May 7th, 2008, 1:24 pm by jerrybrown

 I don’t know where Mike D’Antoni is going. I do know he’s not coming back to the Suns, unless both sides are prepared to engage in the strangest relationship this side of “Desperate Housewives.”

 But if I’m D’Antoni and I have a choice between the Chicago Bulls and the New York Knicks, I’m heading for the city that never sleeps in a heartbeat.
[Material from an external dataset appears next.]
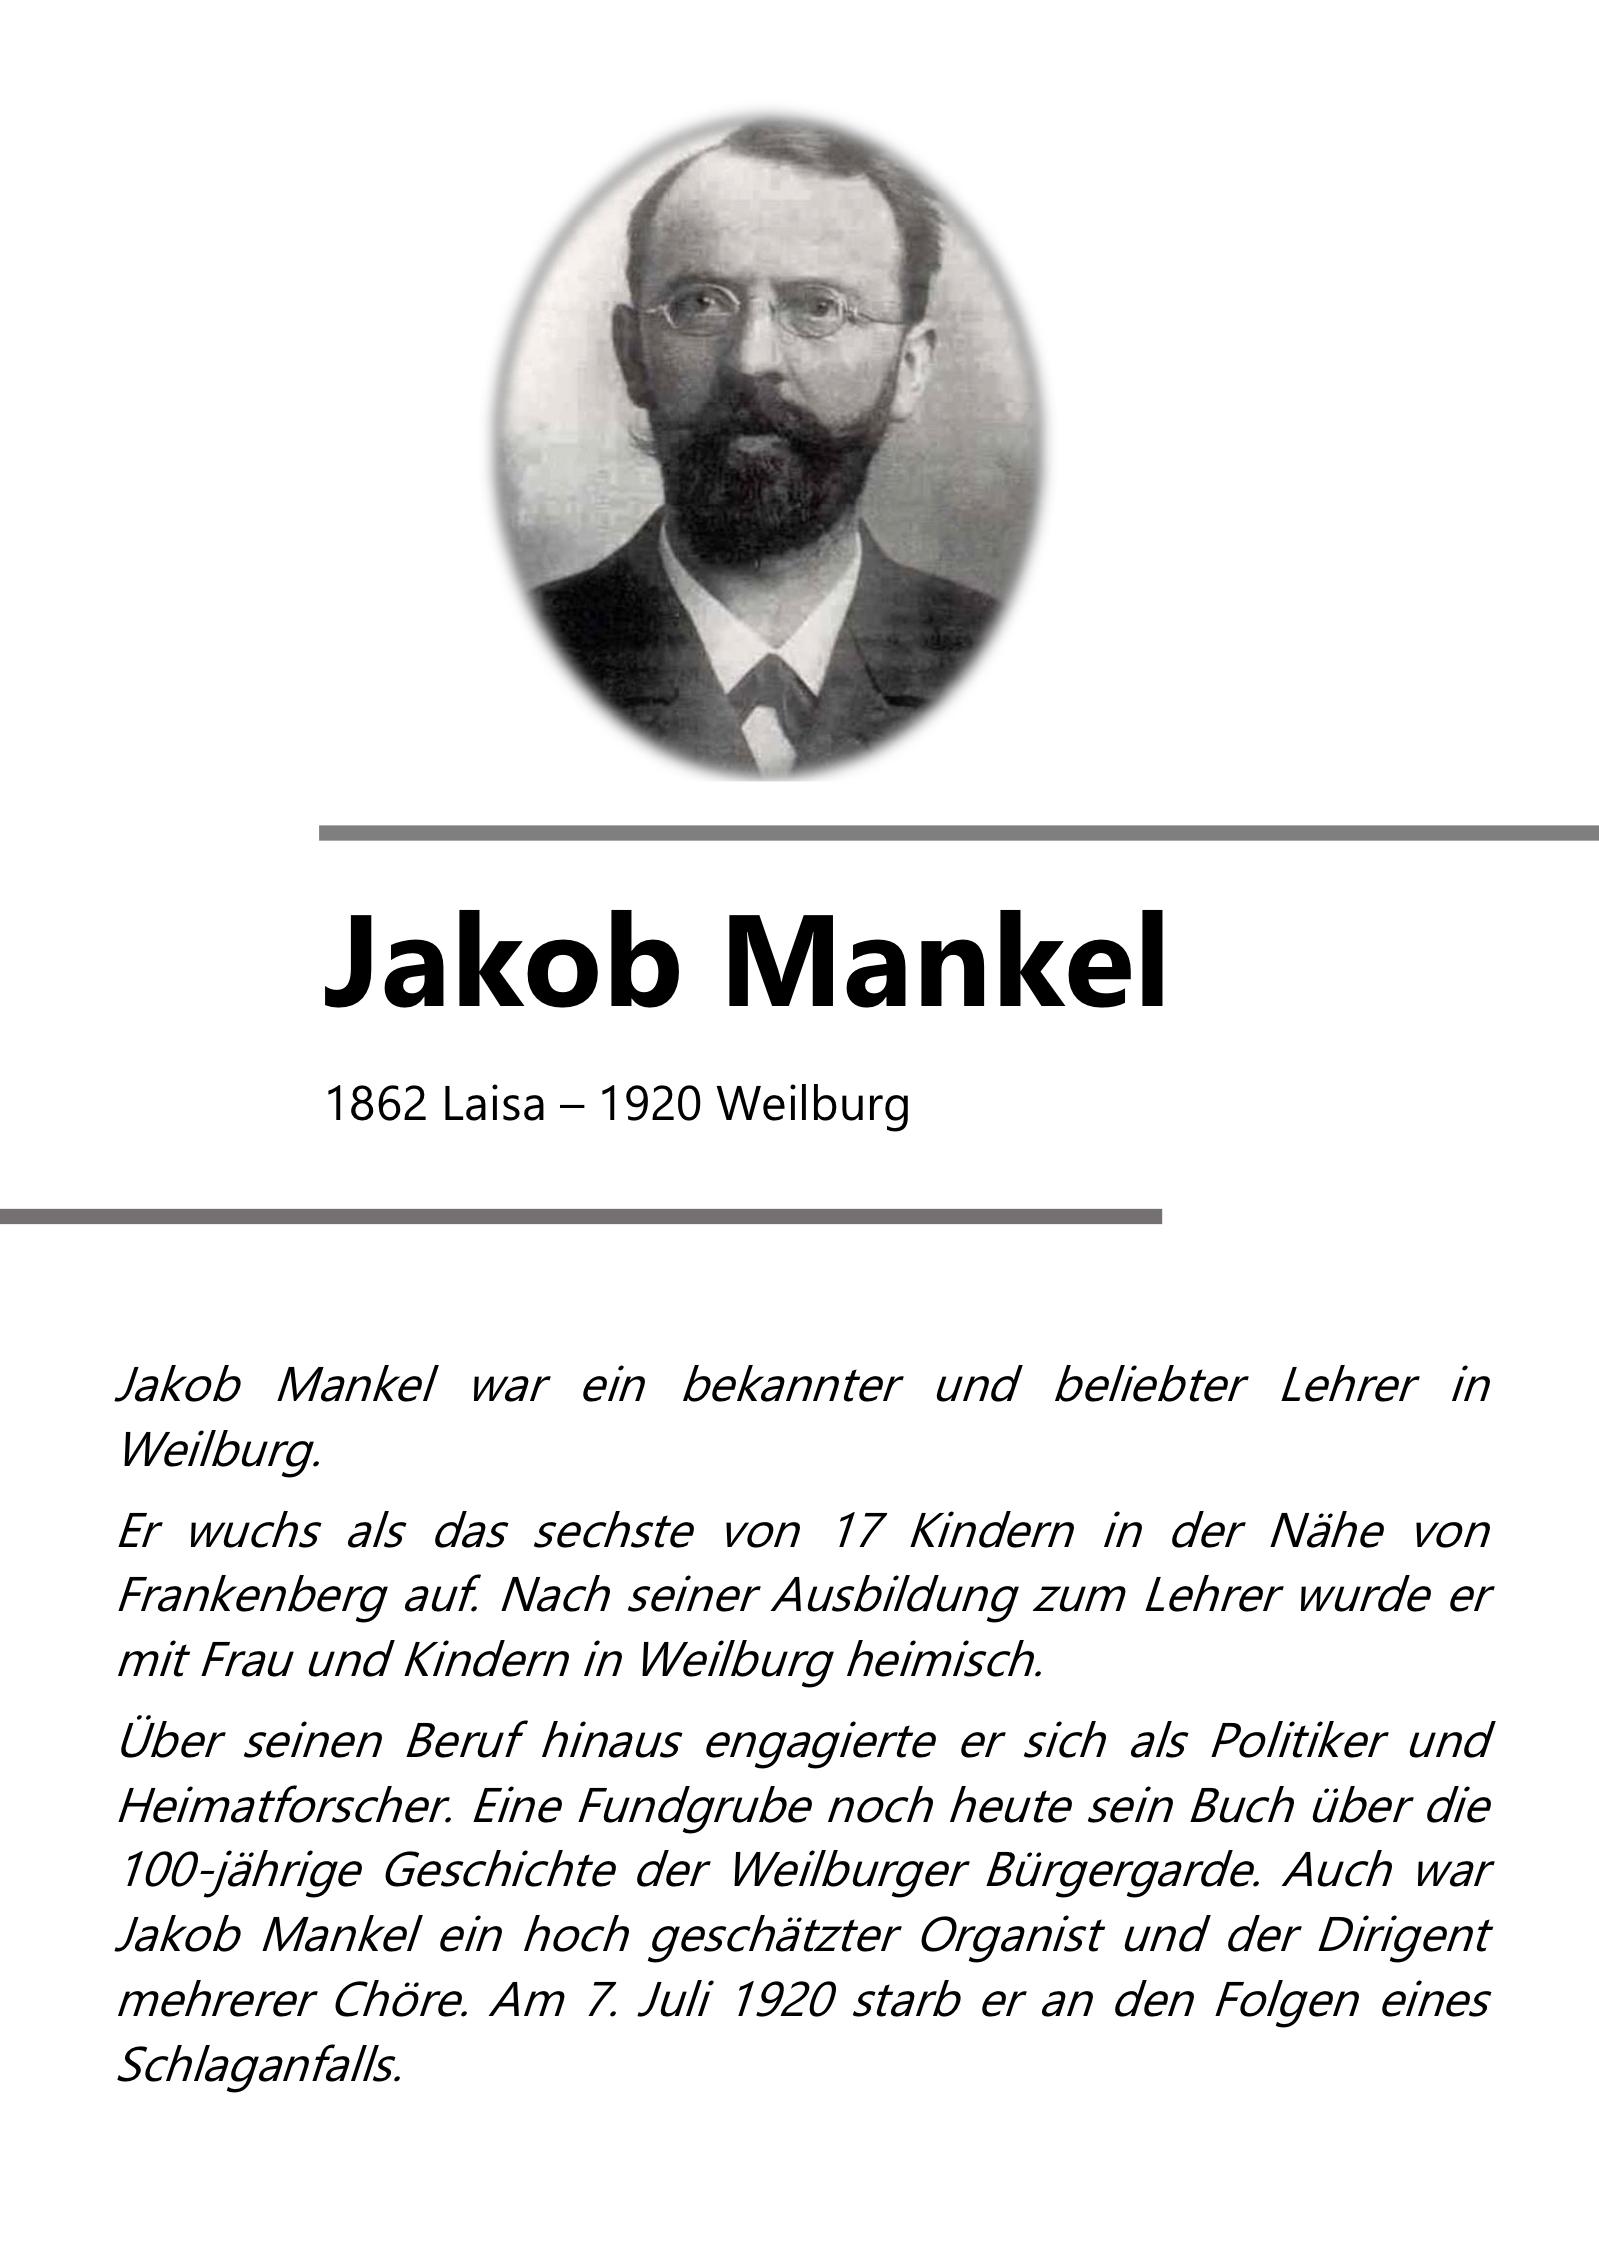 Jakob-Mankel
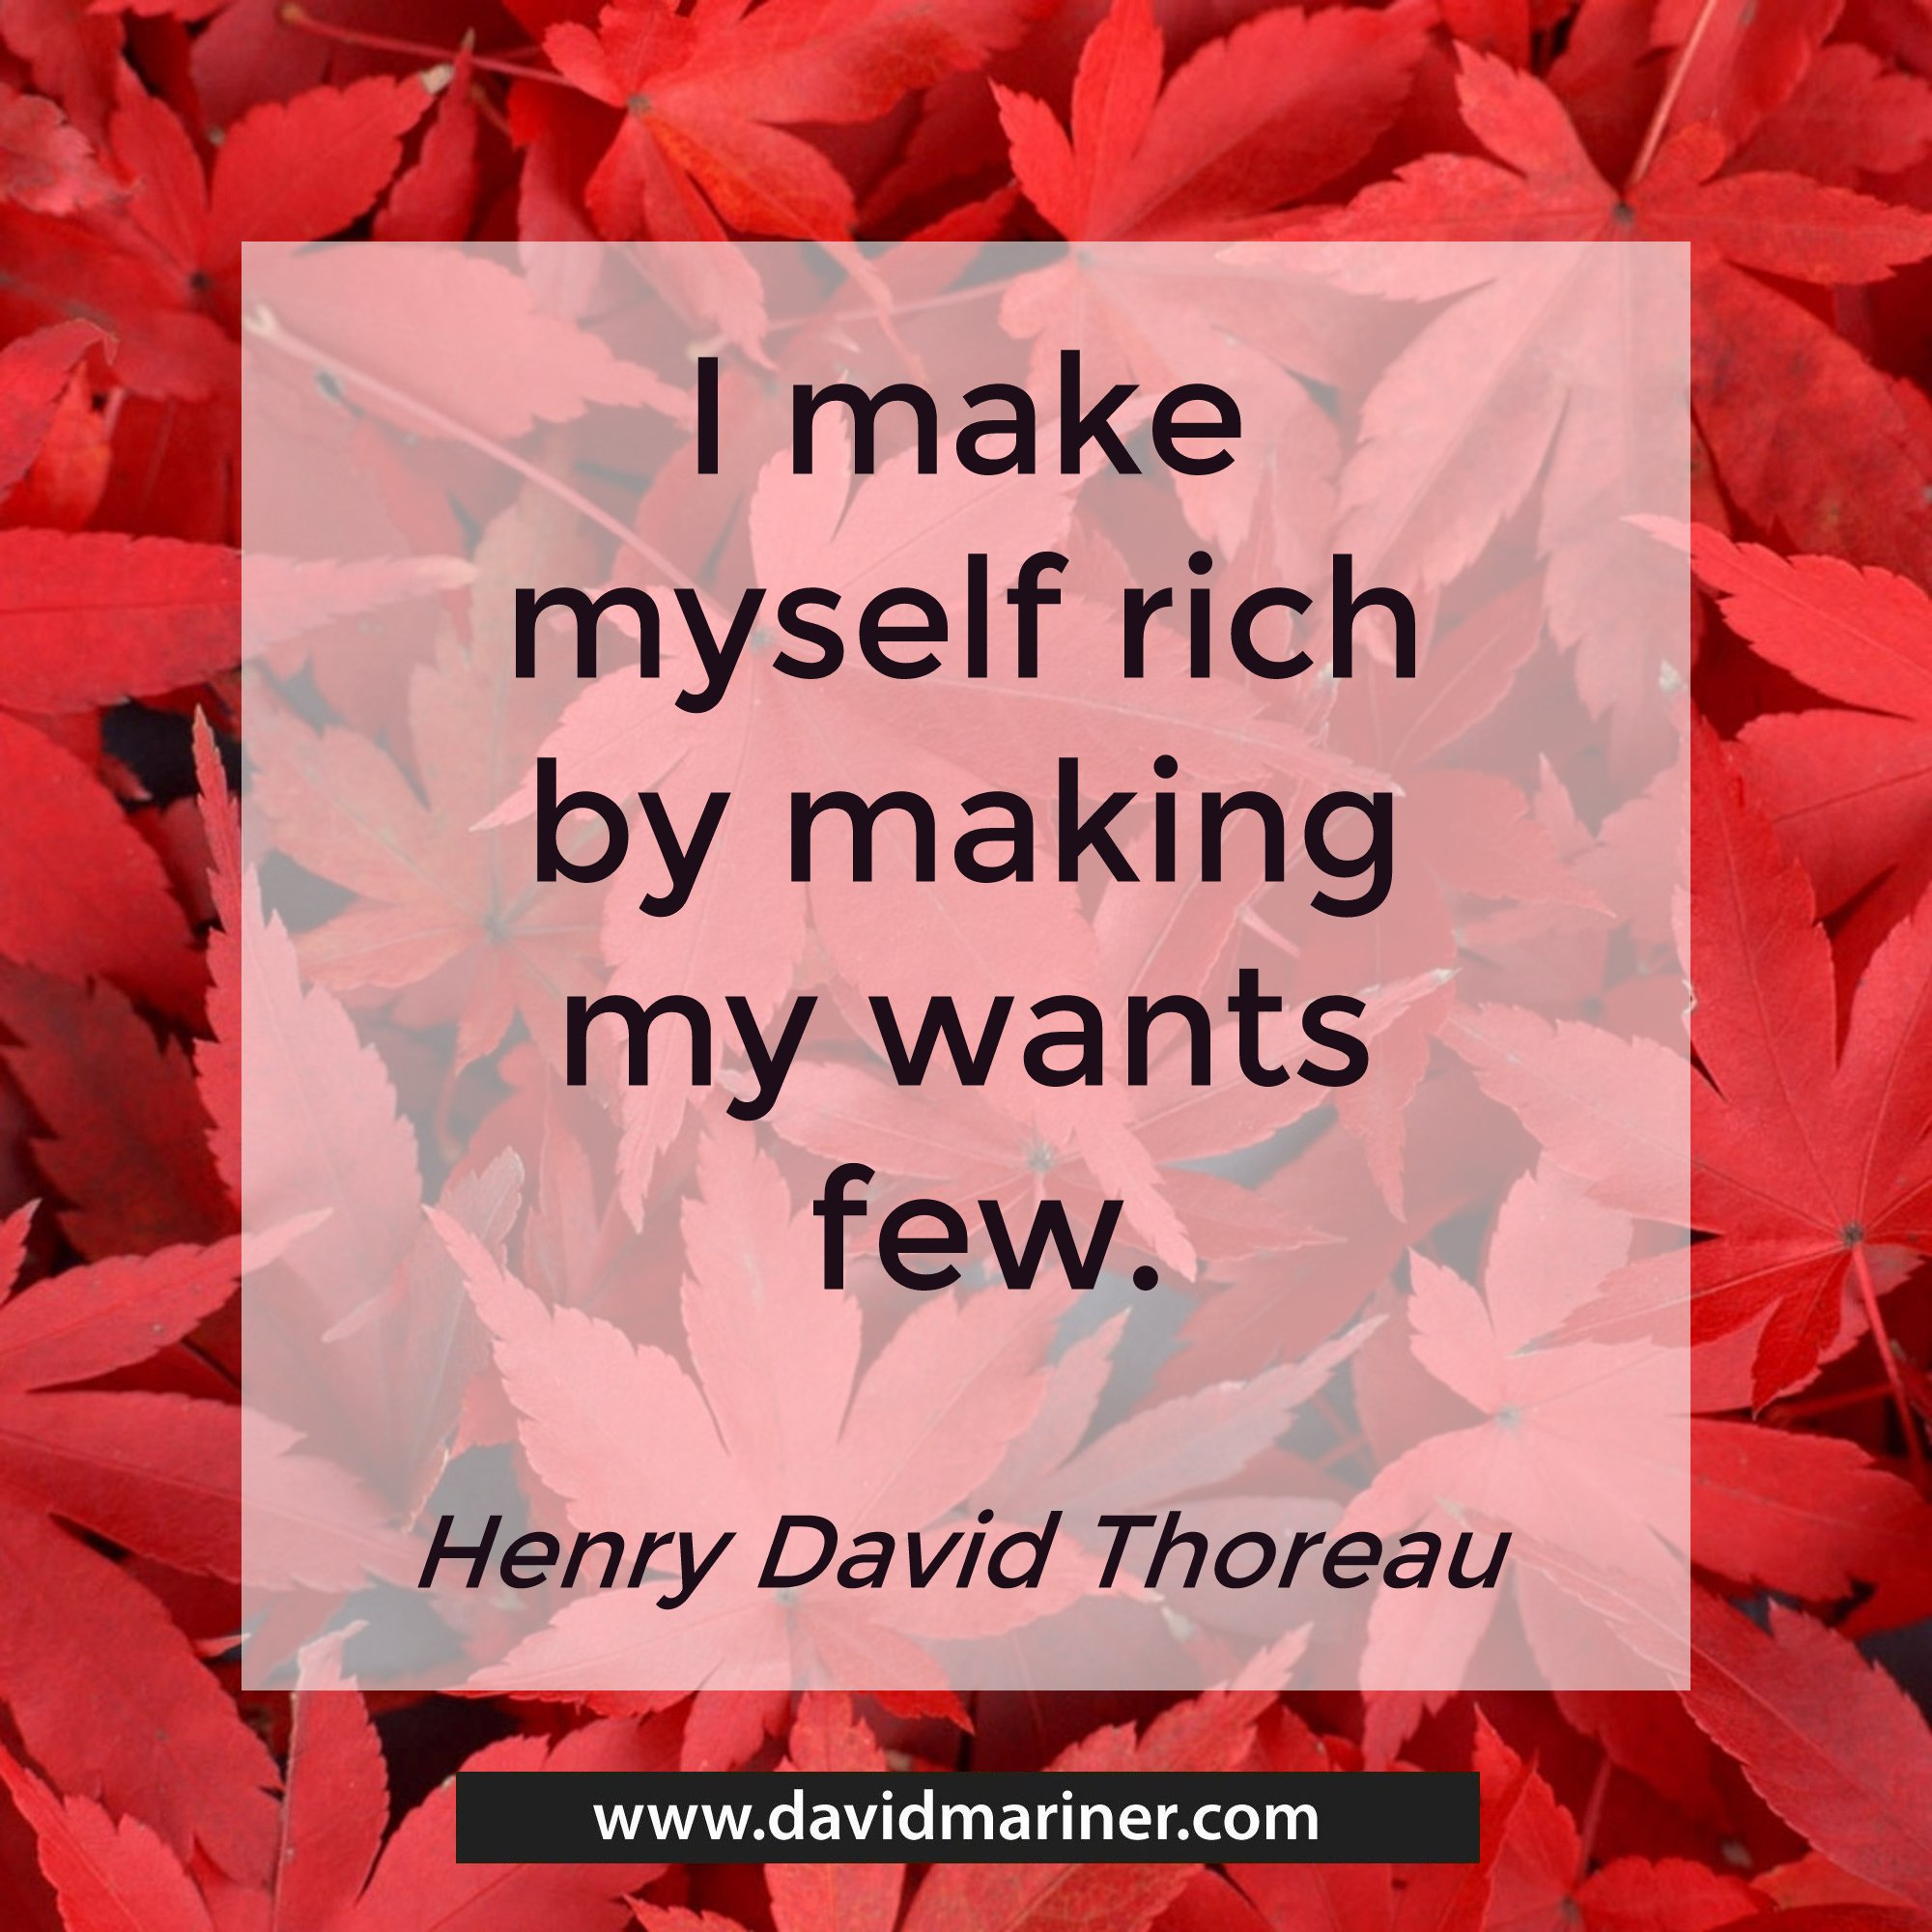 I make myself rich by making my wants few. - Henry David Thoreau

 Yes, the Bulls have a more talented roster, a more stable organization and are much more equipped to embrace D’Antoni’s up-tempo mantra. But assuming D’Antoni isn’t going to guide either team to an NBA championship — a pretty safe bet from here — there are a lot of reasons why I’d take Manhattan:

 *Finances: Let’s start with what makes the world go ‘round. The Bulls are going to have a hard time matching the $4-5 million a year D’Antoni was making in Phoenix. In fact, since owner Jerryt Reinsdorf has to send Scott Skiles a $4 million Christmas card 90 miles away in Milwaukee, scratching the next check will be even harder.

 The Knicks can find $30 million for five years by flipping over the seat cushions over at Cablevision. D’Antoni made some money coaching in Europe and Phoenix, but a deal like that is a life-changer.  

 *Expectations. Before slipping last year, the Bulls reached the second round of the playoffs – knocking off the defending champions from Miami – and anything less than a return to that level would be seen as a disappointment. And while they are talented, the Chicago locker room already has some problems (Joakim Noah) and the contract situations of Luol Deng and Ben Gordon remain in limbo.

 In New York, D’Antoni could run for mayor with a 40-win season. As long as he talks to the press, keeps his hands off the female employees and doesn’t add “defendant” to his resume, he’s golden. And since the Knicks realize they don’t have the correct pieces for his offense – his first season will be viewed as a mulligan while Donnie Walsh retools the roster.

 *Management. Much like Steve Kerr, both Chicago GM John Paxson and owner Jerry Reinsdorf have championship rings earned by defense (and Michael Jordan). How long before the same questions that dogged D’Antoni here pop up in the Windy City?

 In New York, D’Antoni will be coming in with Walsh, might have some influence on the choice for the new GM and while the great Knick teams have been steeped in defense, any philosophy that doesn’t include losing 104-59 to the Celtics will fly right now.

 *Press. Yes, D’Antoni is sensitive to criticism and the New York tabloids can be brutal. But Chicago isn’t much better. If I’m going to have either Peter Vescey or Jay Marriotti lobbing grenades at me anyway, I’m getting my $6 million a year.

 There you have it, Mike. Take the money. Roll the dice. If it doesn’t work out, hey, you’ll be rich and you’ll always have Treviso.